I also looked at the ’30 Day Nutritional Cleanse’ system, which has been designed as a weight-loss program. This consists of a weight-loss shake (complete with 19g of sugar/100g in the Strawberry shake – that is one-fifth sugar!), the Ionix product discussed above, and a few other products to help ‘cleanse’ and ‘accelerate’ your weight-loss. Without going into a detailed assessment of each individual product, suffice it to say that none of these products impressed me either, mostly due to (again) what I would regard as teeny amounts of herbs and nutrients contained in each. However, according to the website the pack will set you back $490.60 if you pay recommended retail price.
The 30 Day program also refers to some research that has been done, that proves their system superior to other weight-loss methods.

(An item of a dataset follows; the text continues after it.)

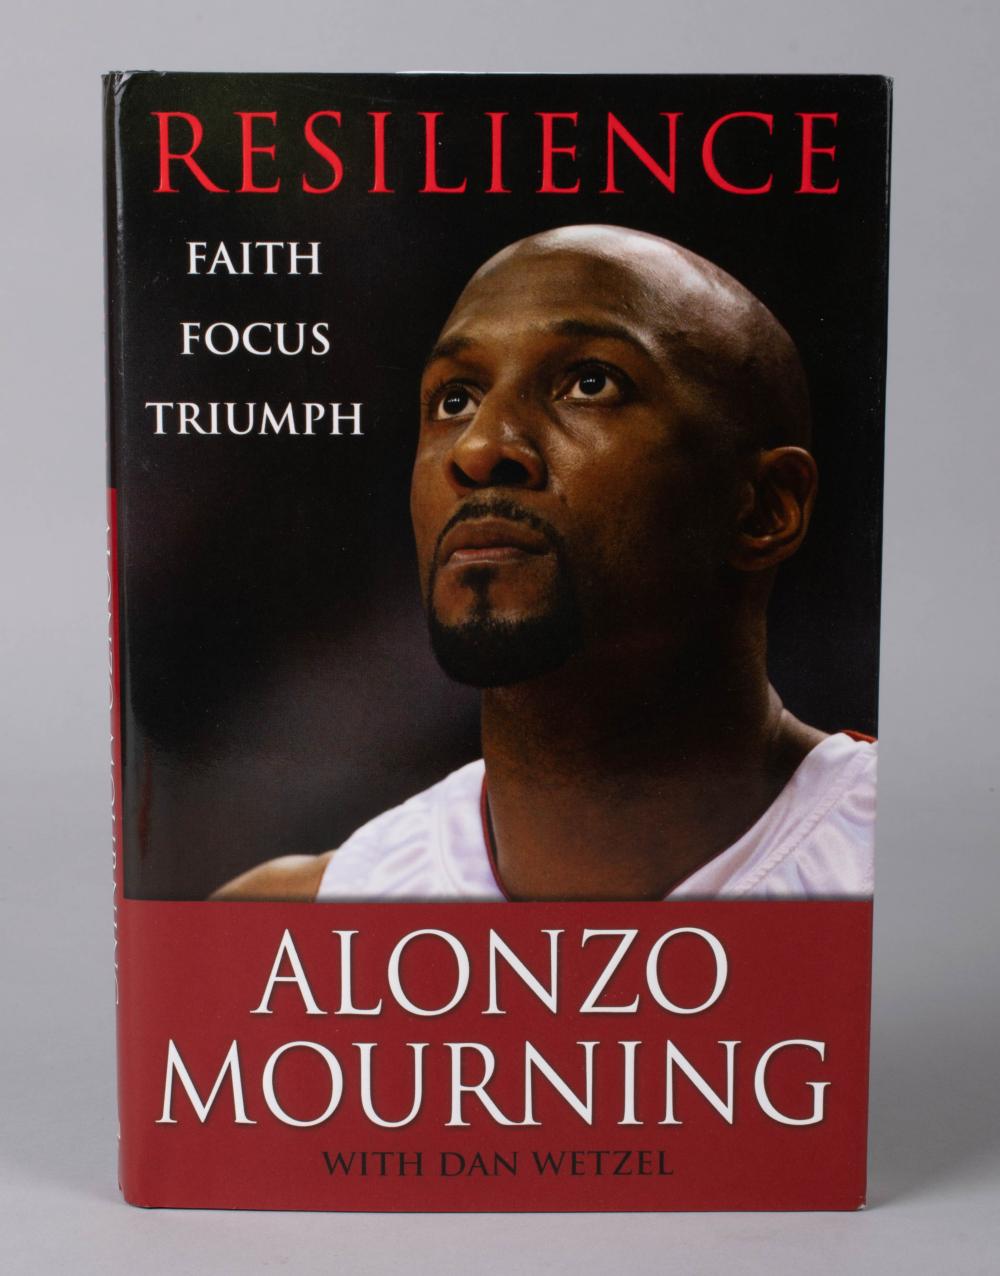 ALONZO MOURNING. RESILIENCE: FAITH

However, when I examined the actual study itself (there were 2 papers quoted, but only 1 actual research activity performed), I found quite a few holes, and these were things that the average Joe (who, unlike me, probably has better things to do than sift through umpteen pages worth of research papers) would probably miss if they weren't looking for them. When it comes to good-quality research, there are always steps taken to ensure that the study is not biased – in other words, to make sure that you are being given the proper information and not results that have been skewed to look favourable on paper (and consequently, sell more product). The first problem I found was that the research itself was funded by Isagenix – they have paid for the research to be done in the first place. How convenient! Secondly, one of the researchers involved in the project is a consultant (presumably paid) to the company. Extra convenient! As you can imagine, both of these are not ideal situations when it comes to searching for the truth, and are a big ‘red flag’ to apply at least some skepticism to the results. Thirdly, the study itself didn’t just look at the Isagenix program – the women participating in the study were actually also fasting intermittently (which is well-known to speed up weight loss). So this made the ‘end result’ of using the Isagenix system look extra good on paper (but are probably not typical when it comes to the ordinary person, who is most likely going to follow the system without starving themselves one day out of every seven). Finally, buried in the middle of the paper, in the middle of a page, in the middle of a paragraph, I found the admission that the ladies using the Isagenix shakes were actually consuming fewer calories than the other ladies they were being compared with, who were just eating food. So in other words, those who ate less lost more weight. Wow, what a revelation!
Unfortunately, in my opinion, these products fail to meet (or even come anywhere near) my high standards, and I certainly think that people deserve to be made aware of the facts, before trusting their health (and hard-earned money) to these kinds of marketing approaches.